Ketiga, kedua sekolah sama-sama memiliki prestasi yang cukup
menonjol, baik yang bersikap akademik maupun non akademik. Dalam bidang akademik misalnya, SD Islam Al-Hilal Kartasura memperoleh NEM rata-rata
tertinggi se-kabupaten Sukoharjo tahun 2001 dan dalam bidang non akademik memperoleh juara satu lomba Qiroatul Quran se-Kabupaten Sukoharjo,
sedangkan SD Negeri Pucangan 03 Kartasura dalam bidang akademik memperoleh NEM rata-rata tertinggi se-Kecamatan Kartasura tahun 2000 dan
dalam bidang nonakademik menjuarai lomba tari se-Kabupaten Sukoharjo dan masih banyak lagi, misalnya lomba renang tingkat kabupaten dan baca puisi
tingkat kecamatan yang diperoleh kedua SD tersebut.

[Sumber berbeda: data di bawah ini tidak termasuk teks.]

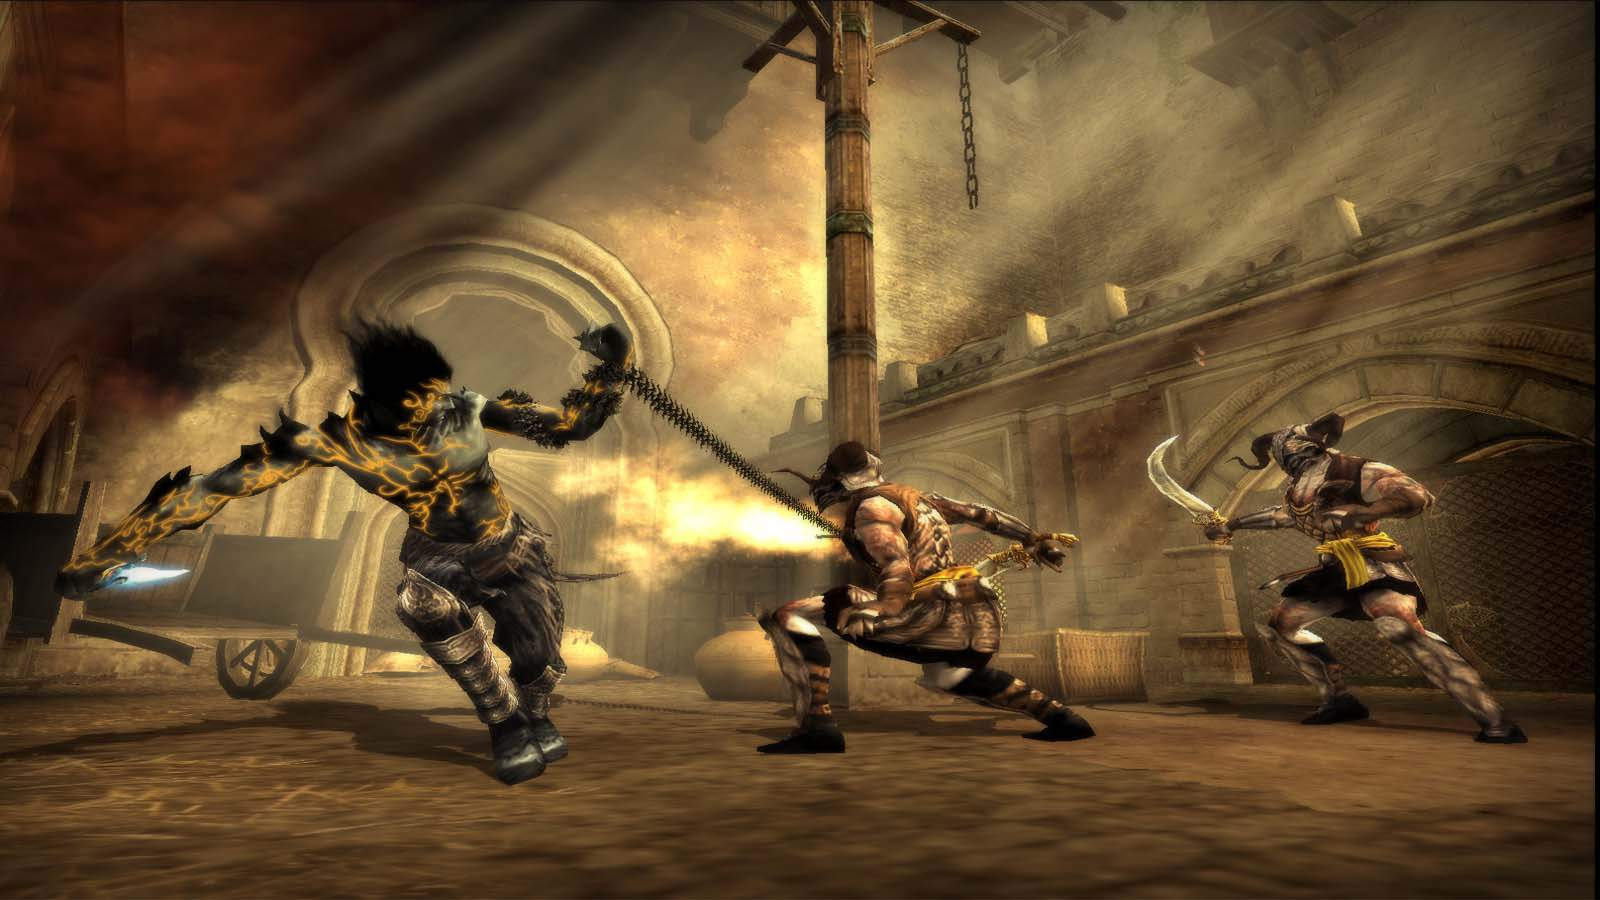 تحميل لعبة Prince Of Persia 3 مضغوطة برابط واحد مباشر كاملة مجانا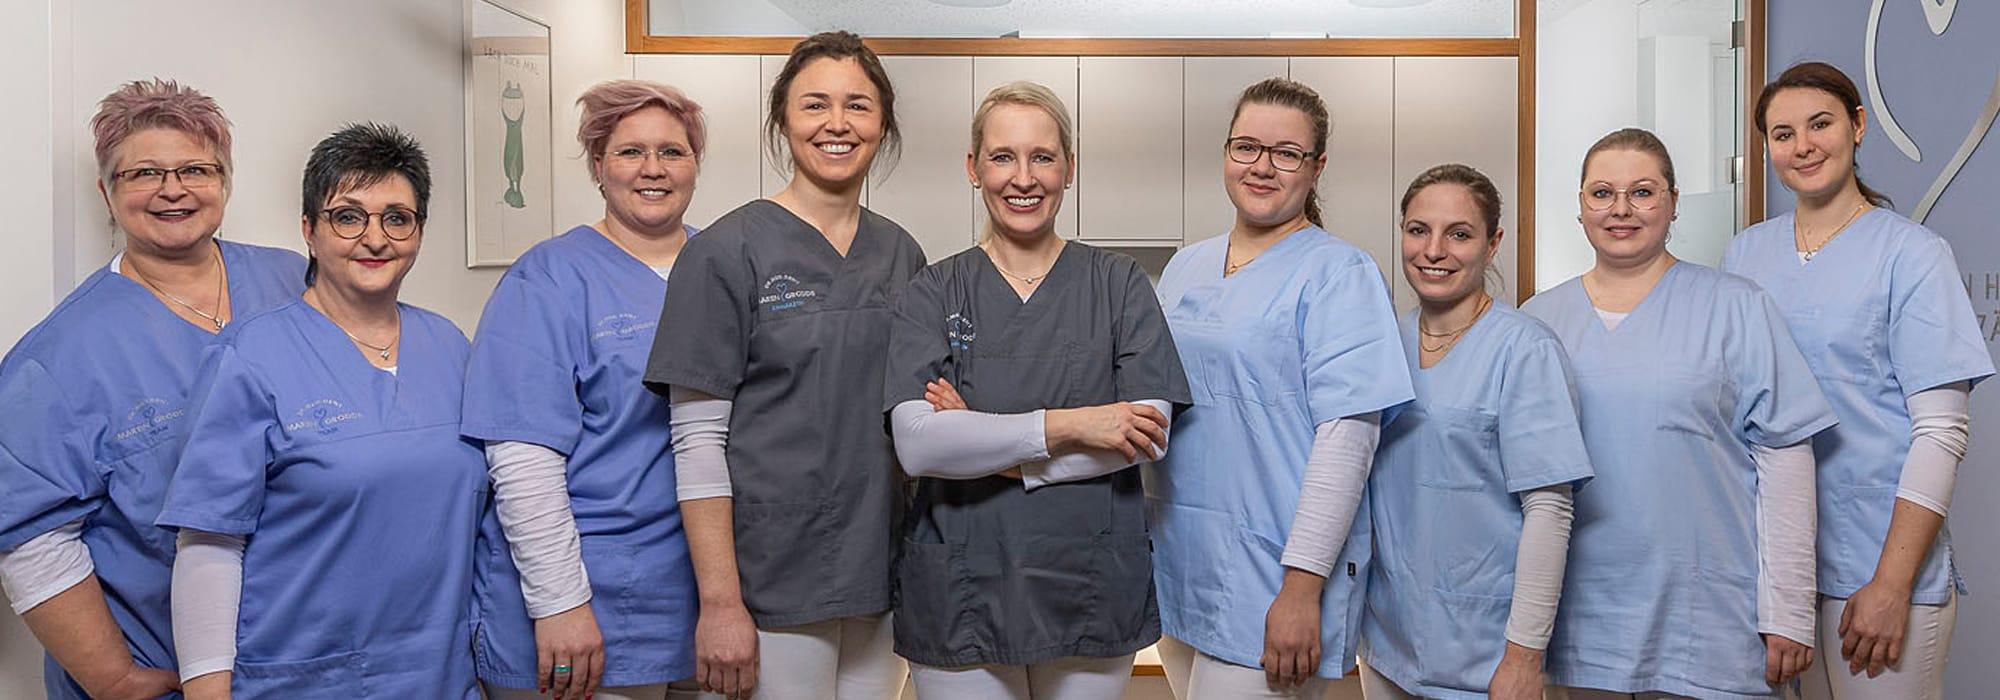 zahnarzt-team-dr-grodde-heidelberg

Keempat, hal menarik yang perlu dikaji adalah faktor kepala sekolah
SD Islam Al-Hilal Kartasura dipimpin oleh kepala sekolah yang sejak tahun 1983 belum pernah diganti hingga penelitian ini dilakukan 2004. Solechan
kepala sekolah SD tersebut mengatakan bahwa “Saya akan pensiun tahun 2006”. Dari keterangan di atas, yang menarik untuk dikaji adalah bagaimana
tatanan organisasimenejemen yang selama ini dibangun oleh kepala sekolah yang sudah 21 tahun memimpin sekolah ini? Bagaimana kepala sekolah
mempersiapkan masa transisi awal pasca kepemimpinannya? Sementara itu, kepala sekolah SD Negeri Pucangan 03 Kartasura saat
penelitian ini dilakukan telah mengalami empat kali pergantian kepala sekolah.
6
Kepala sekolah yang ada pada saat ini baru lima tahun memimpin sekolah tersebut. Hal yang menarik untuk dikaji adalah bagaimana kepala sekolah yang
sekarang ini memimpin dan mengelola sumber daya yang dimiliki agar kehadirannya dan kepemimpinanya dapat diterima dan didukung oleh semua
pihak Melihat kenyataan tersebut, maka tidaklah salah jika penulis berharap
bahwa kedua SD tersebut nantinya mampu mengembangkan sekolah sesuai dengan kemampuan yang dimiliki dengan mengoptimalkan segala potensi yang
telah ada dan mengembangkannya lebih jauh. Beberapa alasan itulah yang menarik untuk diteliti lebih lanjut khususnya pada dua sekolah yang berbeda
tersebut. Melalui penelitian ini diharapkan dapat membantu sekolah dalam pengembangan dan peningkatan kualitas manajemen yang pada gilirannya akan
memberikan kepuasan pada customers dan stakeholders.